• EXERCISE INSTRUCTIONS: Below are some records; quote exactly the lines from the one that contains "Name Tattoo Designs" through the one that contains "edf4e0a918 US Polo", inclusive, and no others.

• EXERCISE INPUT:
[Start of Attachment]
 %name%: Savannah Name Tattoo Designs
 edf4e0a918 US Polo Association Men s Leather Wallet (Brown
[End of Attachment]
[Start of Attachment]
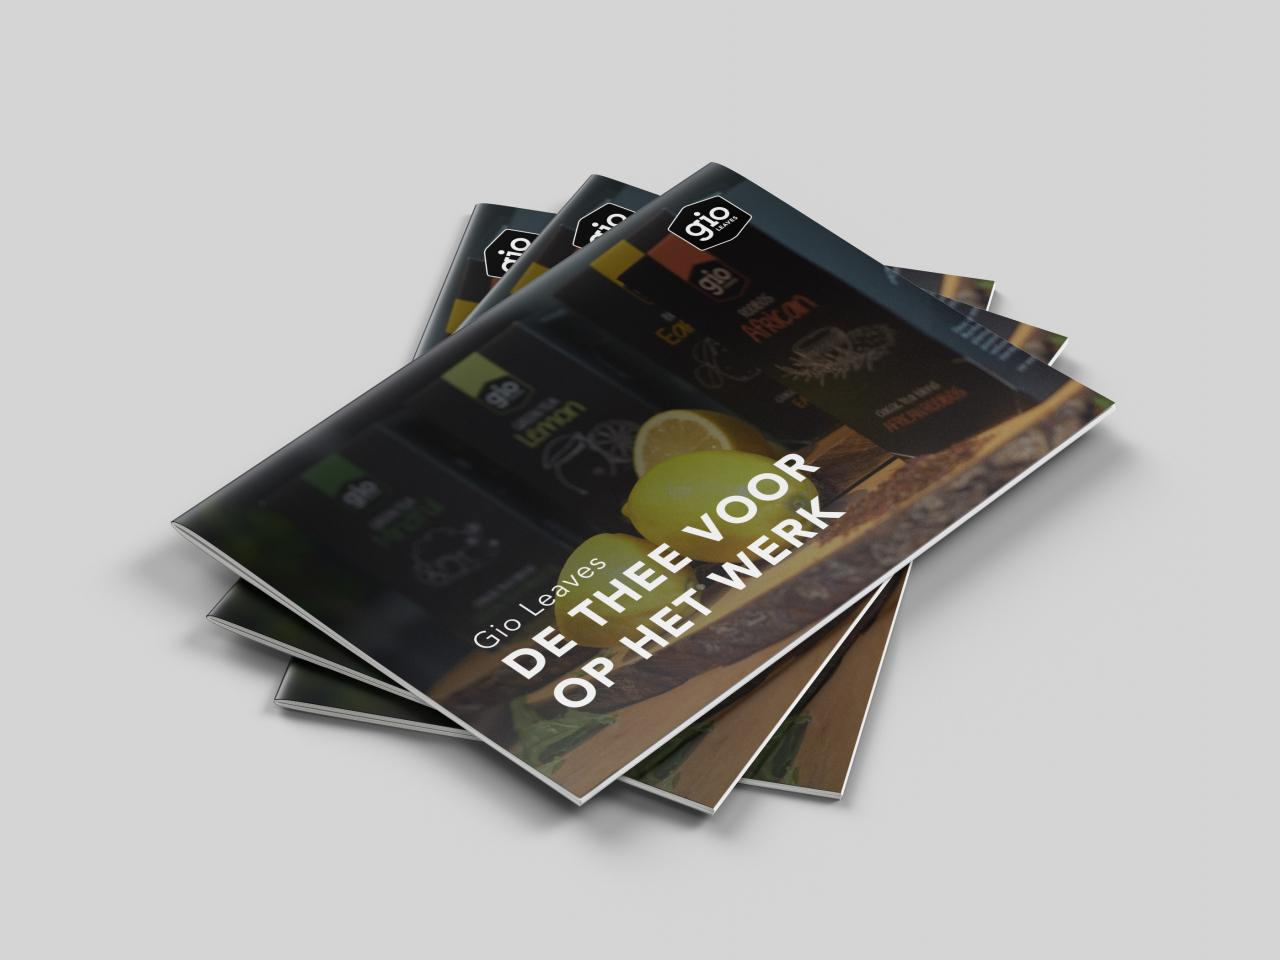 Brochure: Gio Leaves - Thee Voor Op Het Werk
[End of Attachment]
[Start of Attachment]
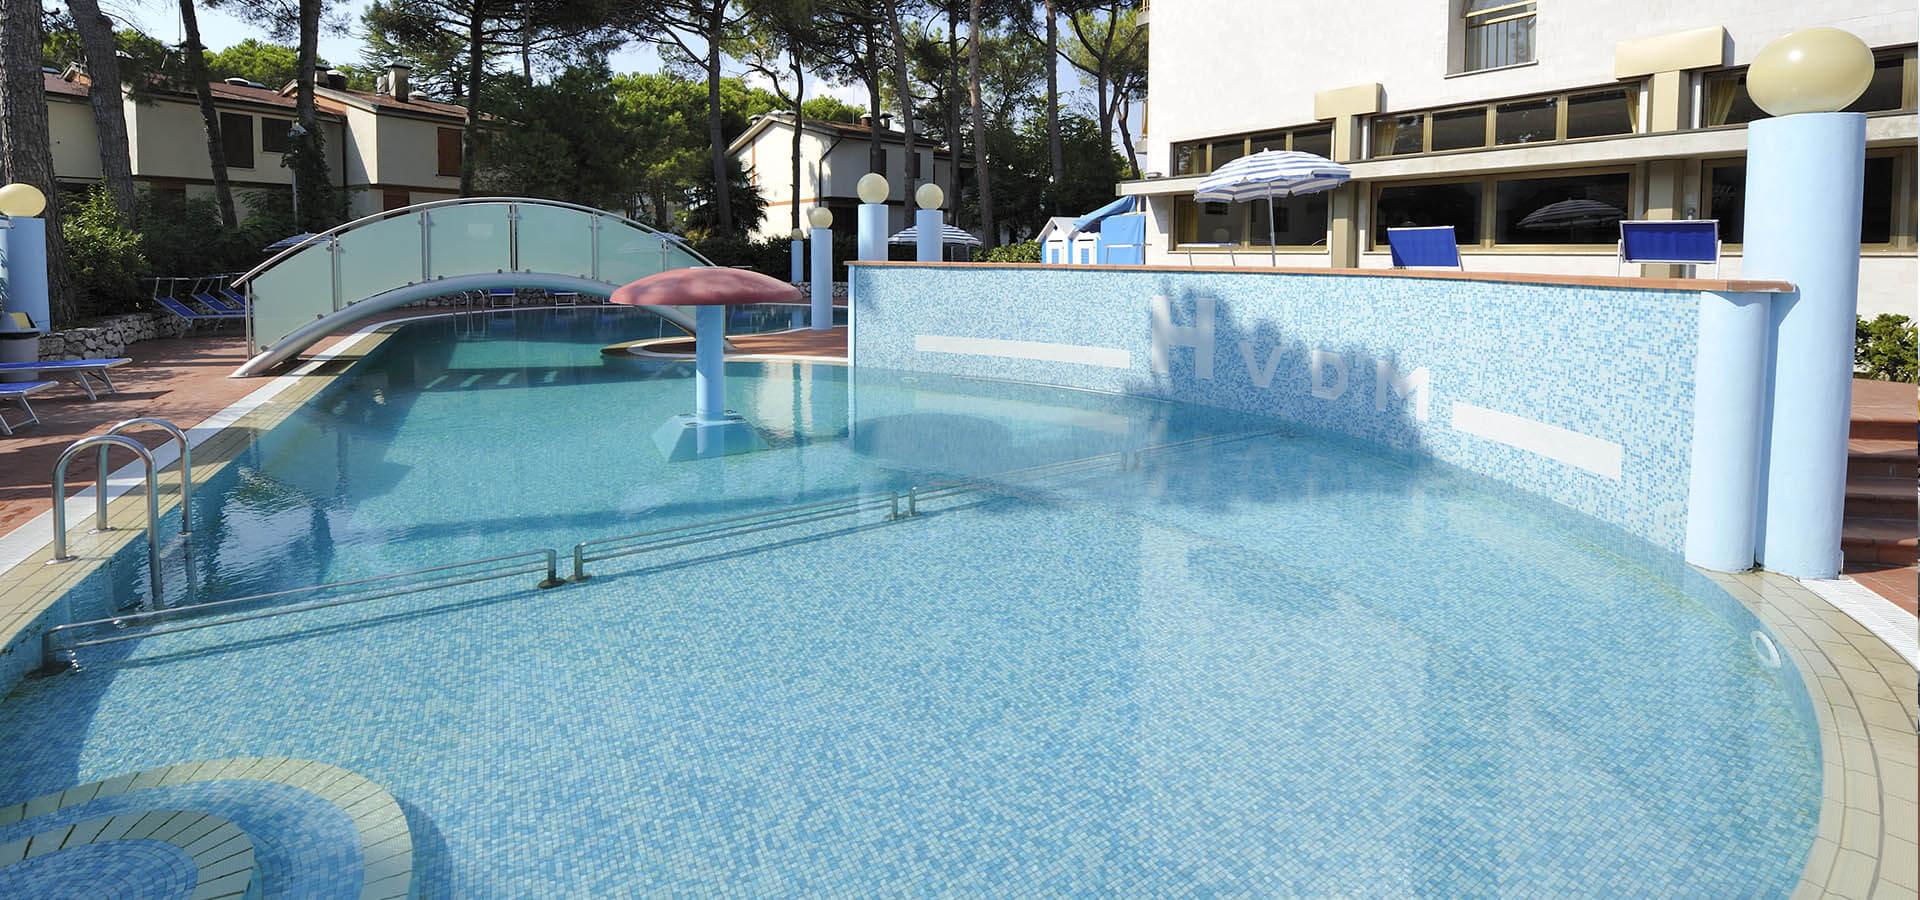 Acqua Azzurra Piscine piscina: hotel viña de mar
[End of Attachment]
• RESULT OF THIS EXERCISE:
 %name%: Savannah Name Tattoo Designs
 edf4e0a918 US Polo Association Men s Leather Wallet (Brown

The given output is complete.